EAPSI: A New Class of Parallel High-Order Time Integrators

EAPSI：一类新型并行高阶时间积分器

• 批准号: 1614232
• 负责人: Tommaso Buvoli
• 金额: $ 0.54万
• 依托单位: Buvoli Tommaso
• 依托单位国家: 美国
• 项目类别: Fellowship Award
• 财政年份: 2016
• 资助国家: 美国
• 起止时间: 2016-06-01 至 2017-05-31
• 项目状态: 已结题
• 来源: https://www.nsf.gov/awardsearch/showAward?AWD_ID=1614232&HistoricalAwards=false
• 关键词: EAPSI; New; Class; Parallel; Order

Partial differential equations are ideal for developing accurate mathematical descriptions for many physical phenomena. In the last century, the study of partial differential equations has grown into an interdisciplinary venture spanning across the fields of mathematics, computation, physics, biology, economics and more. This project seeks to develop new computational methods for solving time-dependent partial differential equations. This research will be conducted at the University of Auckland under the mentorship of Dr. John Butcher, a noted expert on time-integration schemes.

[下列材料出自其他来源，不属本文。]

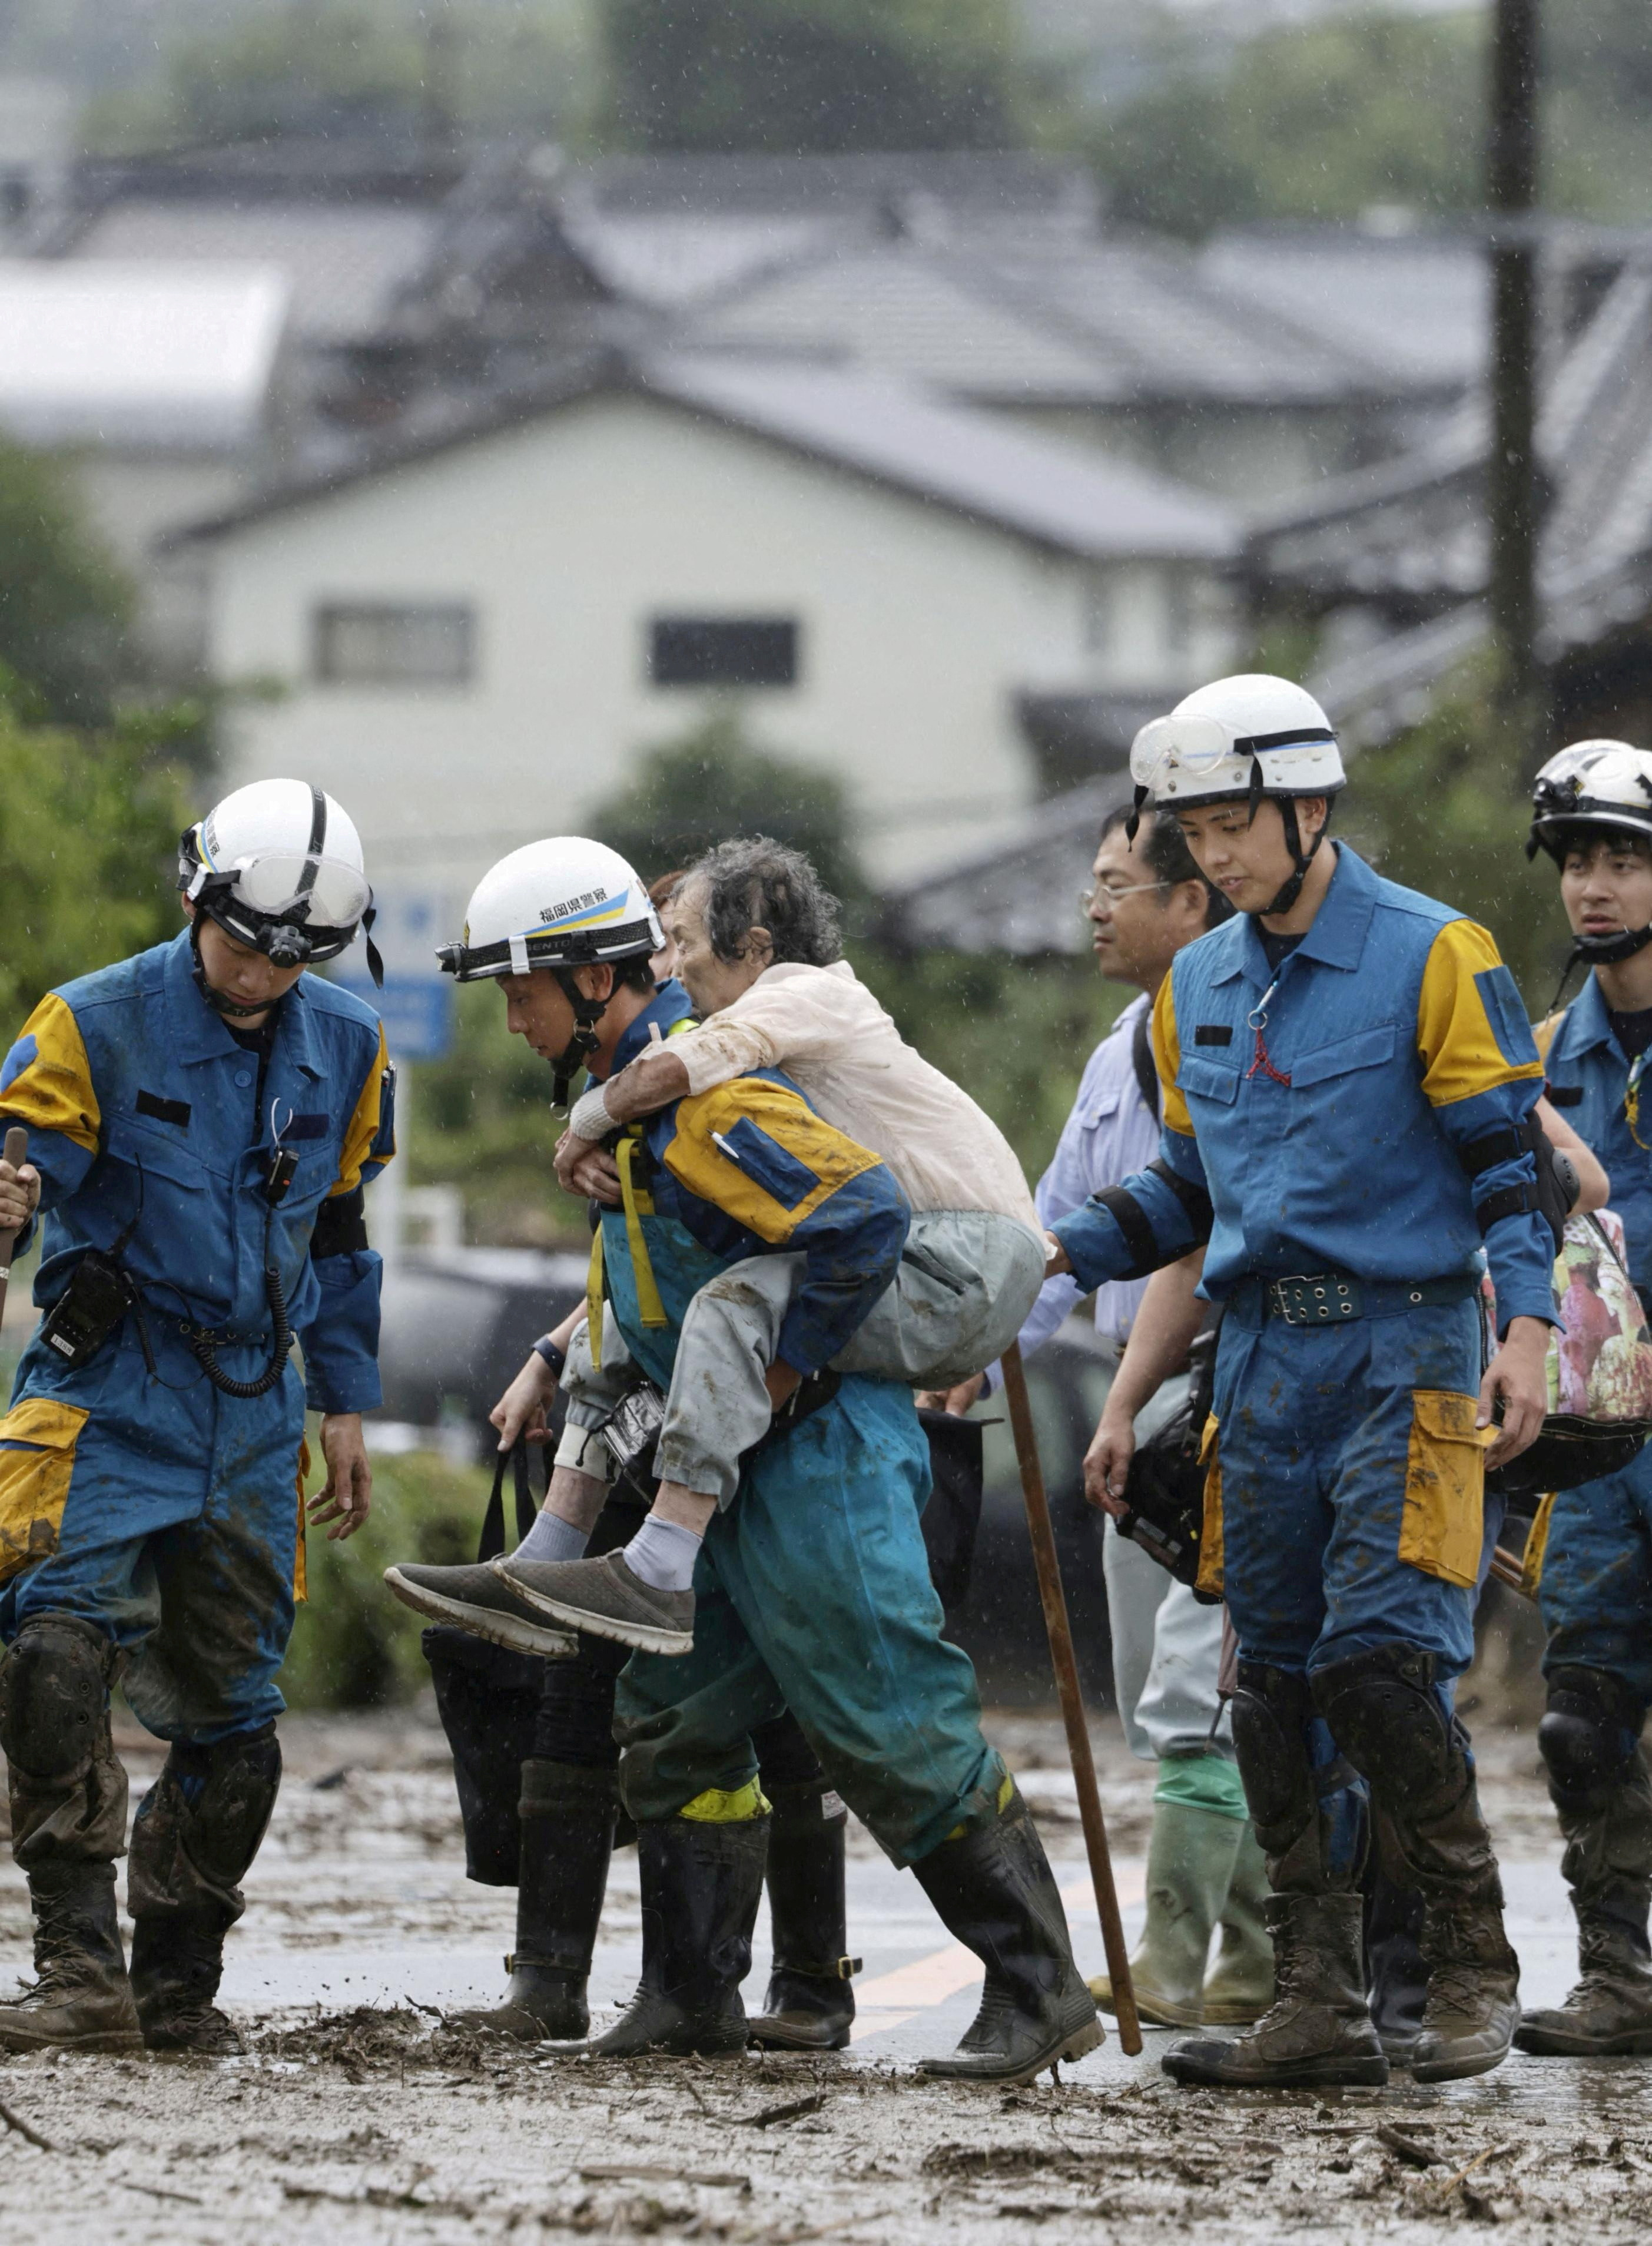 A police officer carries a person who is evacuated from a site of a landslide after the heavy rain in Kurume

These new methods will advance the state of computational science, allowing for more accurate physical models that use fewer resources.General linear methods are powerful extensions of classical time-integration techniques as they allow for multistep, multistage methods. When implemented with adaptive step and order changing strategies, general linear methods consistently outperform competing Runge-Kutta and linear multistep schemes. This grant will fund research to develop an adaptive time-stepping code for a new class of high-order time-integrators which can expressed as general linear methods. These new schemes are designed to leverage existing parallel computer architectures, and will incorporate novel adaptive step and order changing strategies.This award under the East Asia and Pacific Summer Institutes program supports summer research by a U.S. graduate student and is jointly funded by NSF and the Royal Society of New Zealand.

偏微分方程是对许多物理现象进行精确数学描述的理想选择。在上个世纪，偏微分方程的研究已经发展成为跨越数学、计算、物理、生物学、经济学等领域的跨学科事业。该项目旨在开发新的计算方法来求解瞬态偏微分方程。这项研究将在奥克兰大学在著名时间积分方案专家 John Butcher 博士的指导下进行。这些新方法将推进计算科学的发展，允许使用更少的资源建立更准确的物理模型。通用线性方法是经典时间积分技术的强大扩展，因为它们允许多步骤、多阶段方法。当采用自适应步骤和顺序更改策略实施时，通用线性方法始终优于竞争的龙格-库塔和线性多步骤方案。这笔赠款将资助研究为新型高阶时间积分器开发自适应时间步进代码，该代码可以表示为通用线性方法。这些新方案旨在利用现有的并行计算机体系结构，并将纳入新颖的自适应步骤和顺序更改策略。该奖项属于东亚和太平洋夏季研究所计划，支持美国研究生的夏季研究，由 NSF 和新西兰皇家学会。